In the latest development, a new civil rights complaint has been filed with the U.S. Department of Education’s Office of Civil Rights against the University of Chicago, accusing the school of anti-Palestinian discrimination and censorship.
In the federal civil rights complaint filed by the independent advocacy group Palestine Legal, a large coalition of student groups details several incidents from October 2023 through June 2024 that the filing says violated their civil rights, through “a pattern of discrimination that has caused an increasingly hostile environment at UChicago for Palestinian, Arab, and Muslim students and students associated with them.”

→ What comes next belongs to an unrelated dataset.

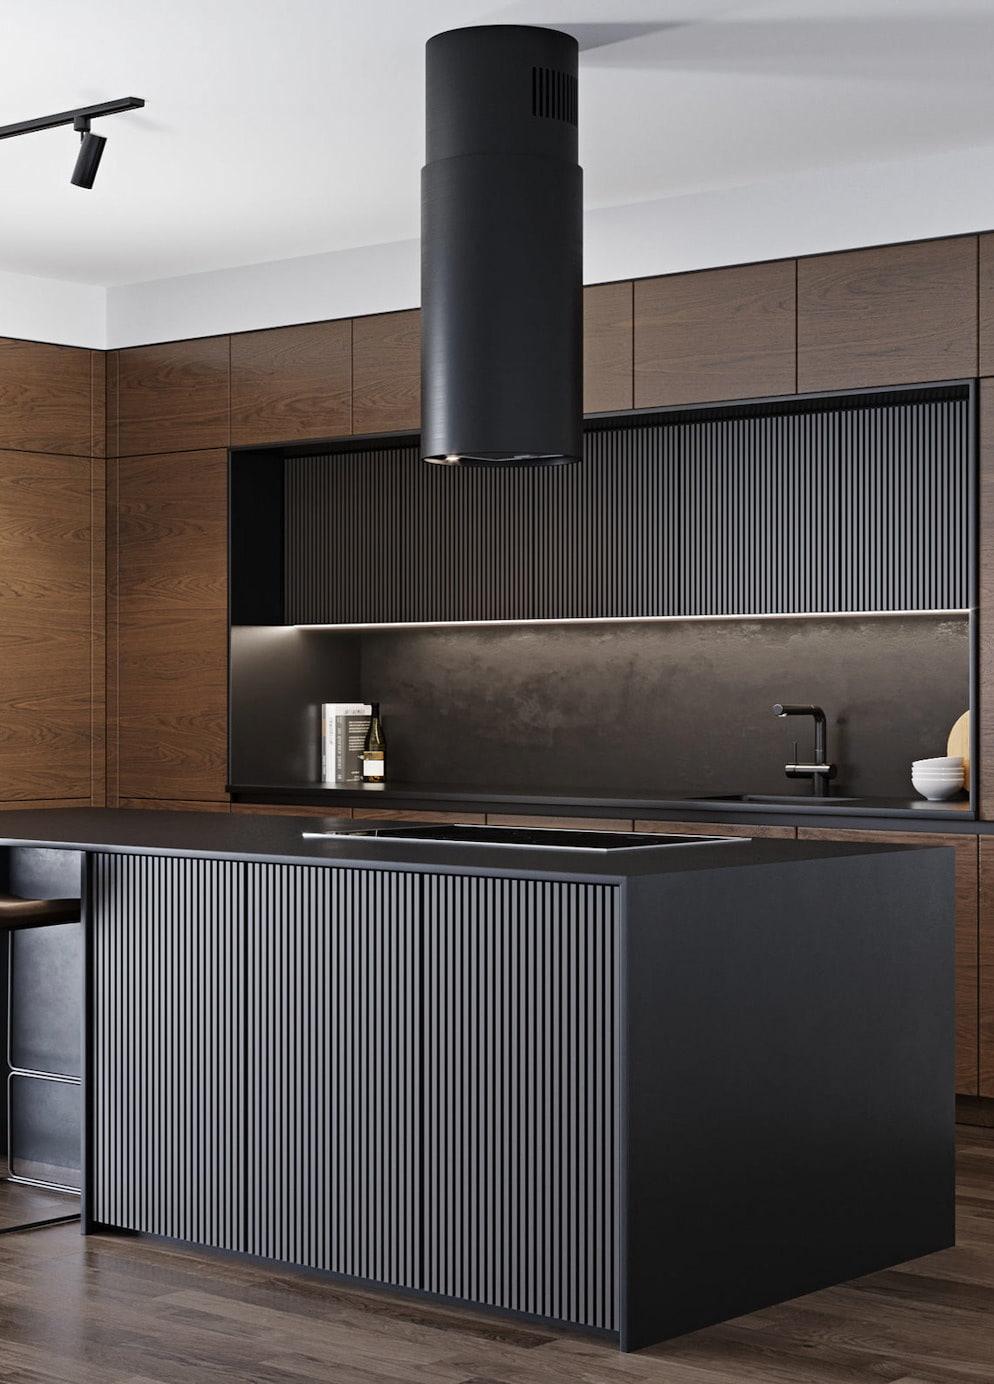 La hotte doit compléter et accentuer le style choisi pour l'espace cuisine.
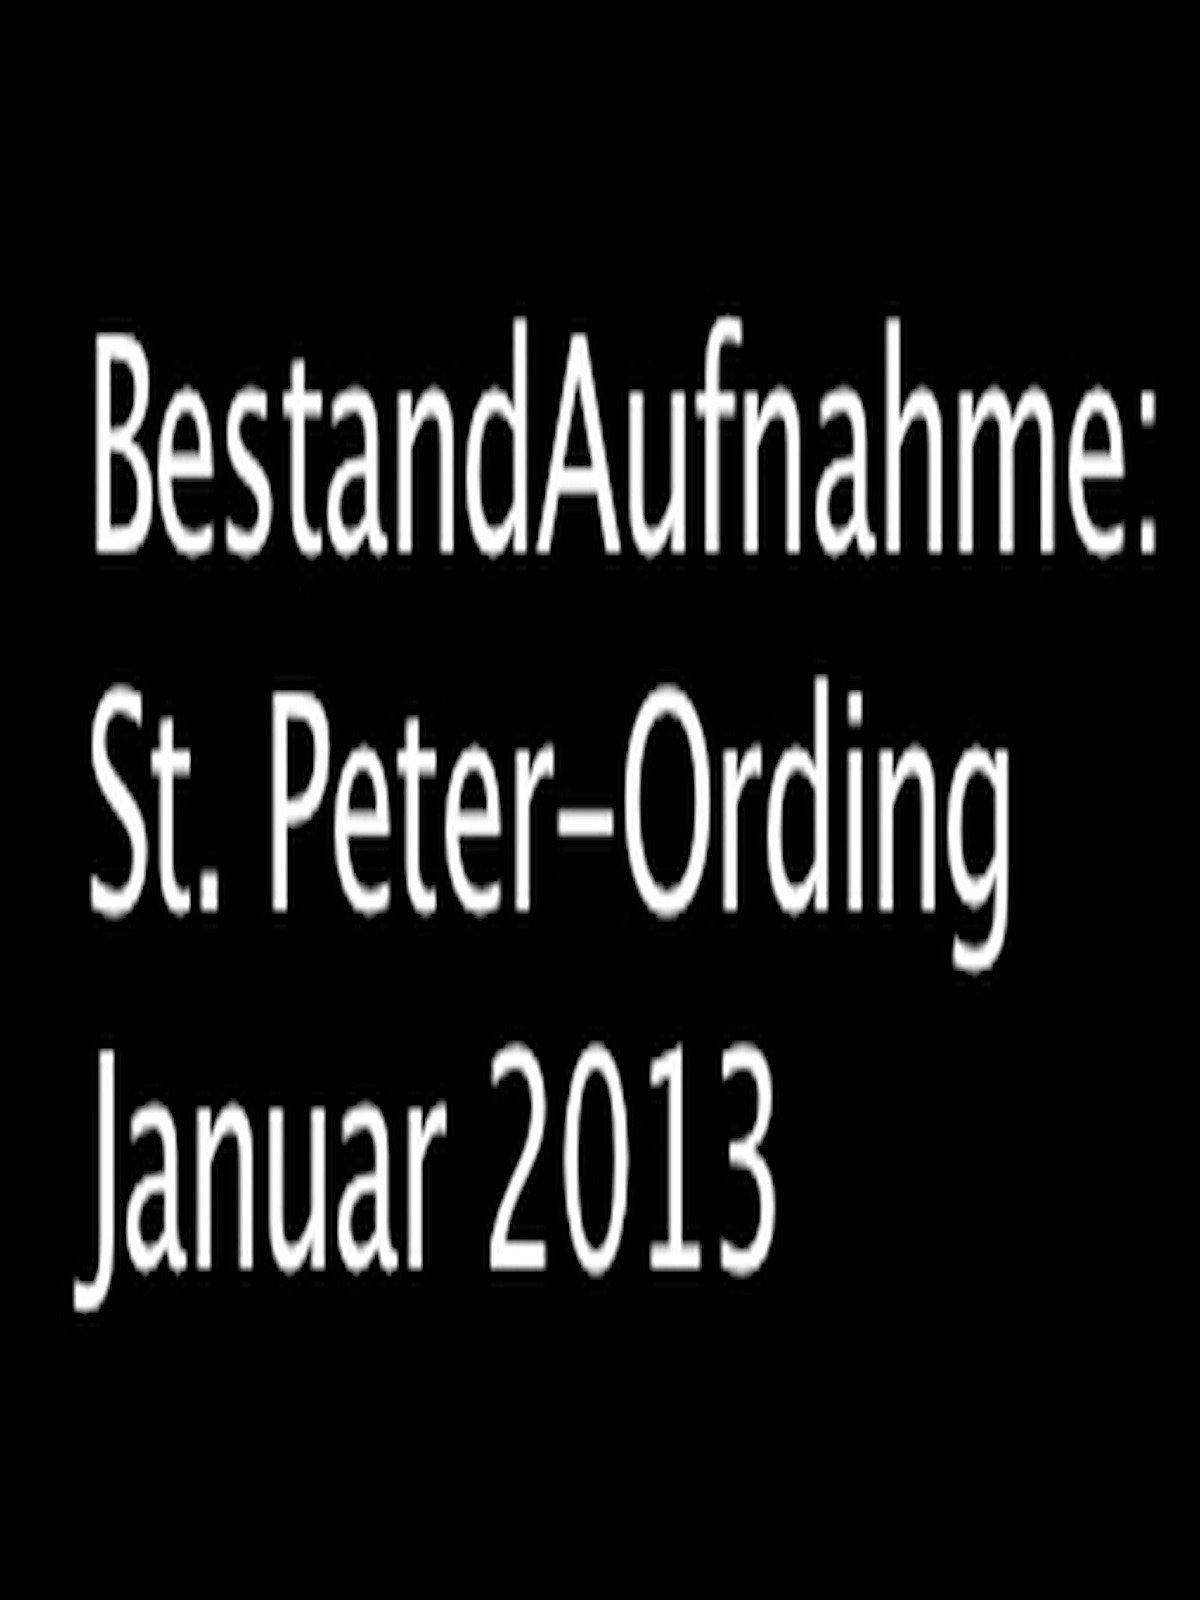 BestandAufnahme: St.Peter-Ording Januar 2013

The complaint calls on the federal government to step in and investigate what they say is a failure to protect Palestinian students from discrimination on campus.
K is a UChicago student who detailed her experience in the complaint—one of a few hundred students involved with the coalition UChicago United for Palestine.
K said she was assaulted by a federal marshal in February for trying to ask a question to a district judge from Florida, who held at a talk at the university and who supports Israel.
“I was trying to ask a question—walked up. I was wearing a keffiyeh,” said K. “I’m Jewish. But the keffiyeh was responded to by the U.S. Marshal getting in between and shoving me forcefully in the chest.”
In May, CBS News Chicago also spoke to another student, Yousef Hasweh, who was subject to disciplinary hearings and had his diploma withheld due to his part in the pro-Palestinian encampment on campus. He is also part of the complaint.
Students also reported doxing from other students, and police surveillance of Muslim students on campus.
The complaint also claimed they made the university aware of the harassment, but the school did not stop it.
K also faced disciplinary proceedings by the university.
“The university has chosen to instead prioritize these disciplinary proceedings and this police surveillance,” K said. “It has, in fact, created new policies to prevent the same kind of protest that we saw last year.”
In response to the filing, UChicago did not comment on the complaint, but sent the following statement:
The new developments come after the university announced it received a $100 million gift from an anonymous donor to “advance the UChicago’s commitment to free expression.”
“UChicago tries to claim that it is different, that it is this free speech campus, but really it is only a free speech campus when that free speech is speech that it likes,” K said.
The U.S. Department of Education Office of Civil Rights would not confirm Friday whether an investigation has been opened. If is opened and violations are found, a university’s federal funding could be on the line.
Similar complaints have already prompted federal investigations into Northwestern University and the University of Illinois Chicago.